I also retweet whatever someone tweets about my work – and I’m always interested to see what people choose to share or take away from one of my talks. For example, this is Jen Ross’s take away from our paper at the conference


Now I think that’s a fair and concise (thank you, 240 character allowance) summary of what I took twenty minutes to say. But sometimes I’m surprised by what people choose to share of my work. Sometimes I think: “But that wasn’t important at all”, or “You missed the cool bit!”. The more I communicate science, the more I think I’m a very poor communicator. I hope this is the Dunning Kruger effect at work, but then that leads me to wonder that if you’re aware of the Dunning Kruger effect, and think you’re not very good at something, does that mean you’re actually not very good at it . . . ?

I digress.

One of the other fun new things about #UoELTConf18 was that my other talk was a Pecha Kucha. Twenty slides with twenty seconds per slide. I had to write a Pecha Kucha talk differently, and think very carefully about the content of my presentation, as opposed to the style of my presentation.

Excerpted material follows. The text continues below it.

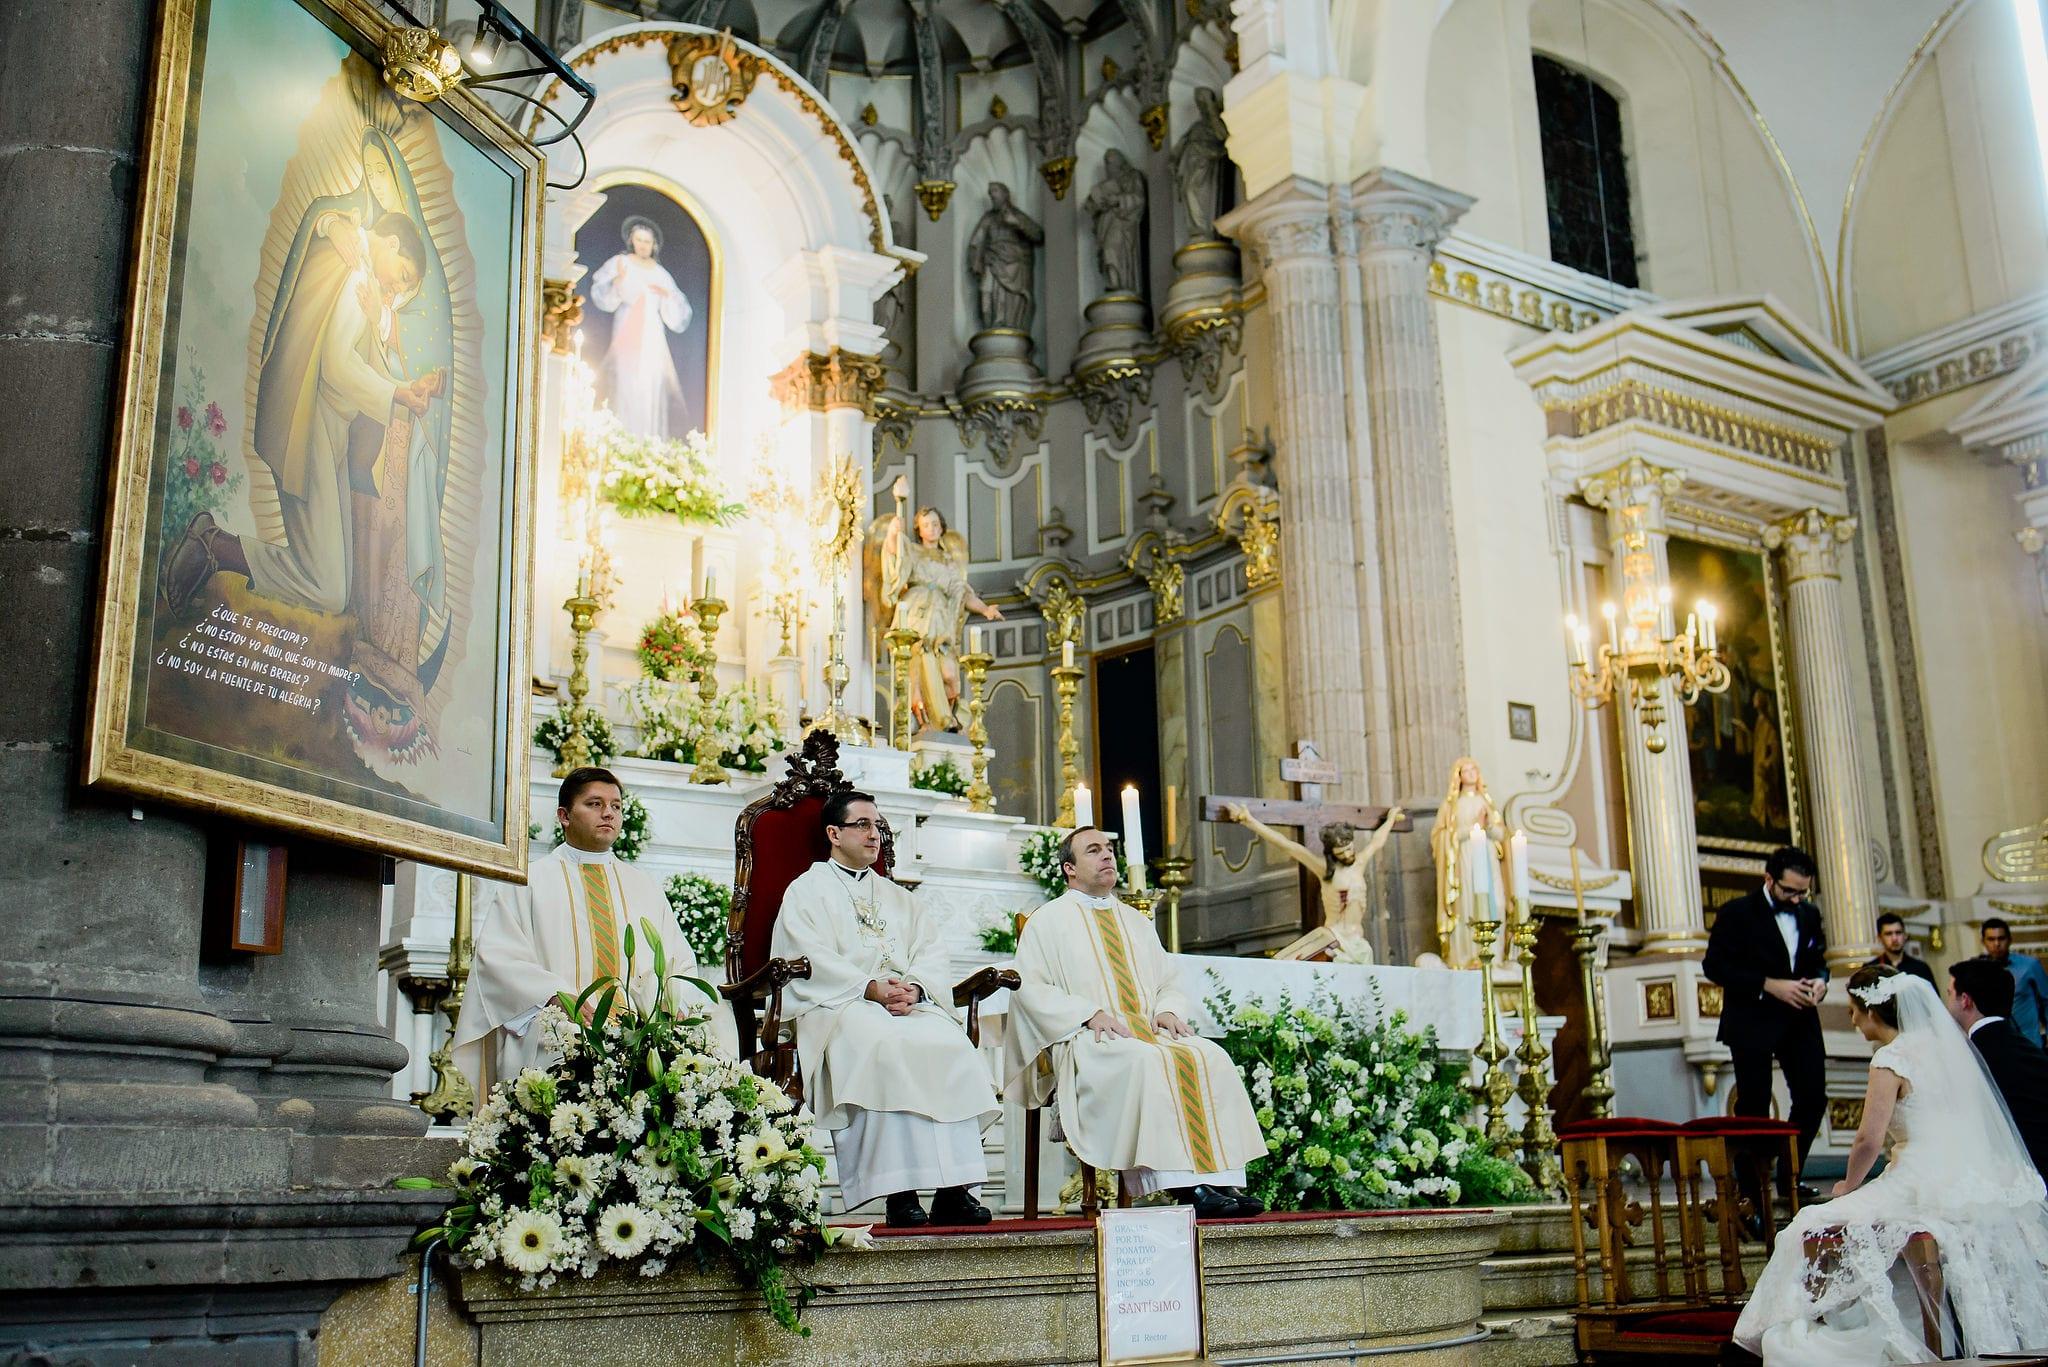 bodas-en-puebla-museo-de-san-pedro-la-compañia-0880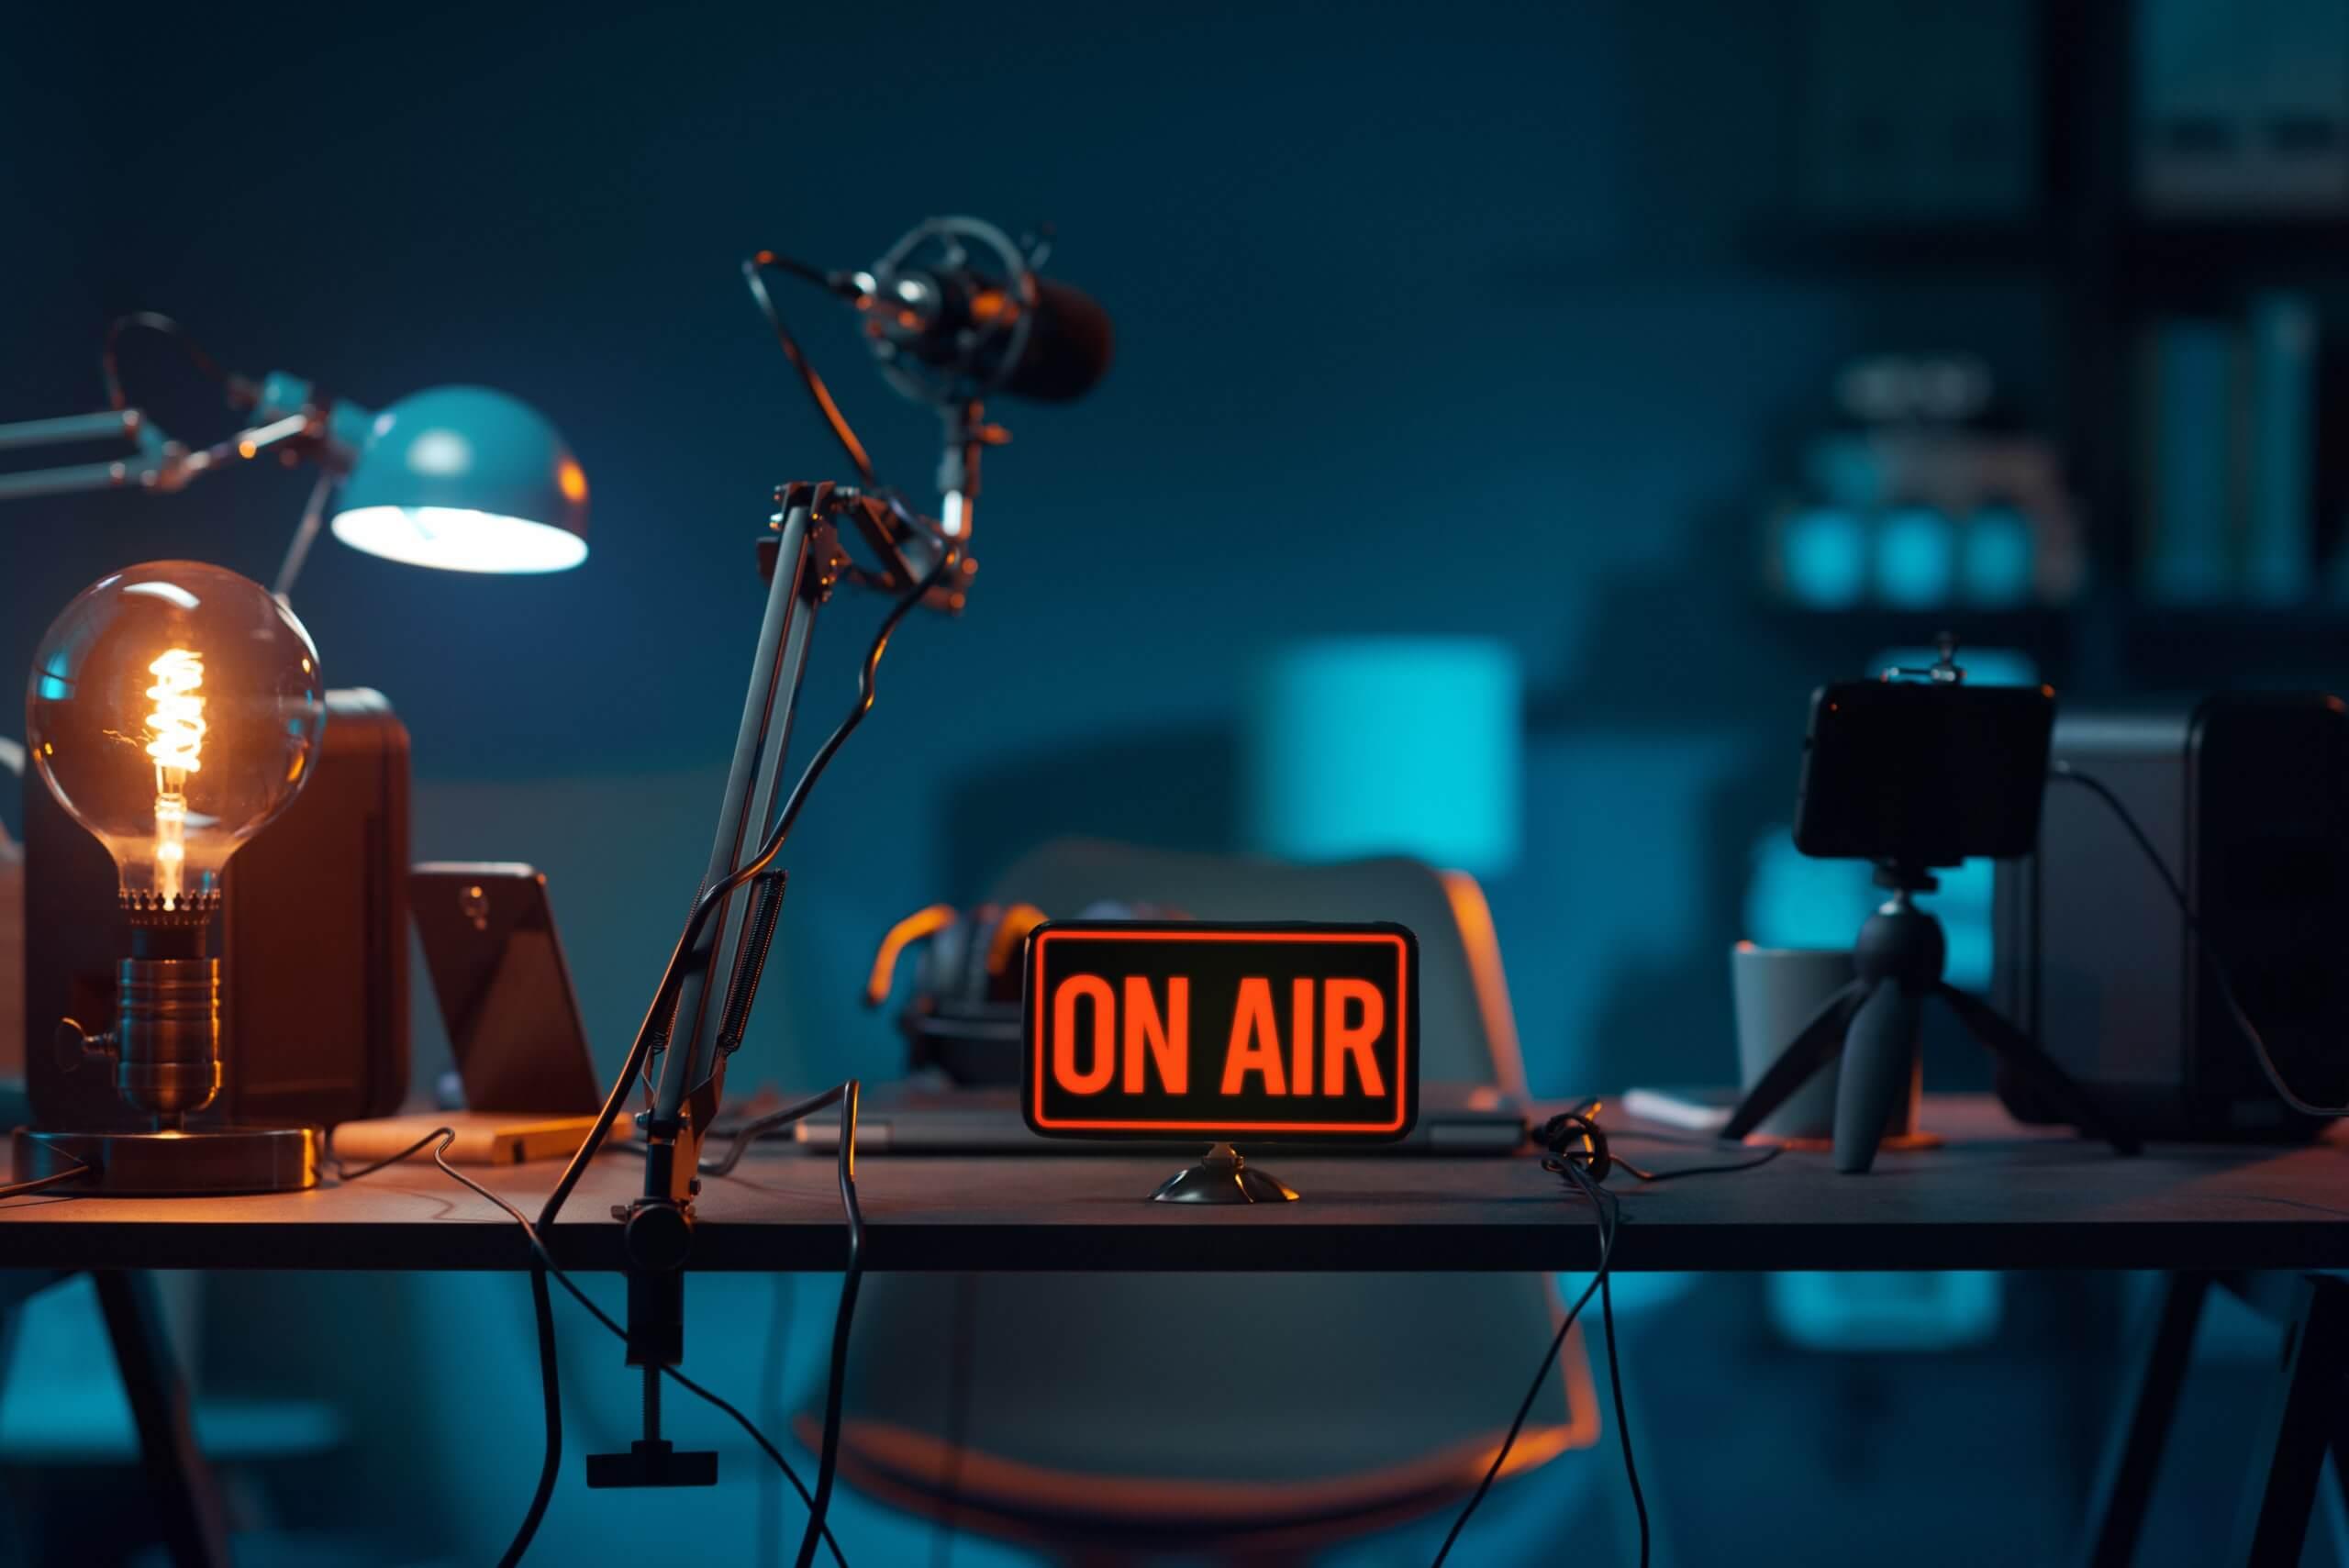 5 Ide Konten Podcast yang Diminati oleh Banyak Pendengar

It’s not groundbreaking to recognise that different formats need different material content, but watching how Twitter can transform my own conference experience has made me think a lot more about the purpose of a conference presentation, and what good content can and cannot make up for.

What my take-home message for all this? Well I have a few. First, I have really started designing my slides with the idea that they should stand-alone, as much as possible. That’s not to say that each slide is made for sharing (see take-home point two), but a combination of simplicity, visual appeal, and a clear idea of what slide is meant to do has helped me a lot recently.

Two – I am clear when I don’t want slides to be shared. I have a little graphic I use to indicate when I would rather a slide not be shared on Twitter, i.e. because I feel the data is confidential, or inappropriate to have an isolated question around. I forgot this in a recent slide deck and reminded my audience verbally instead, and they were very happy to acquiesce. As an aside, I think this might also be something we lecturers might want to consider as lecture recording becomes more wide spread. There’s no harm in a visual reminder sometimes.

And third, I’m going to try and generally remember that improvement happens when you push yourself. Without being a little self-critical, I can’t get better. And if someone picks up on the ‘wrong’ slide once or twice along the way, well they might have just been looking for something else entirely.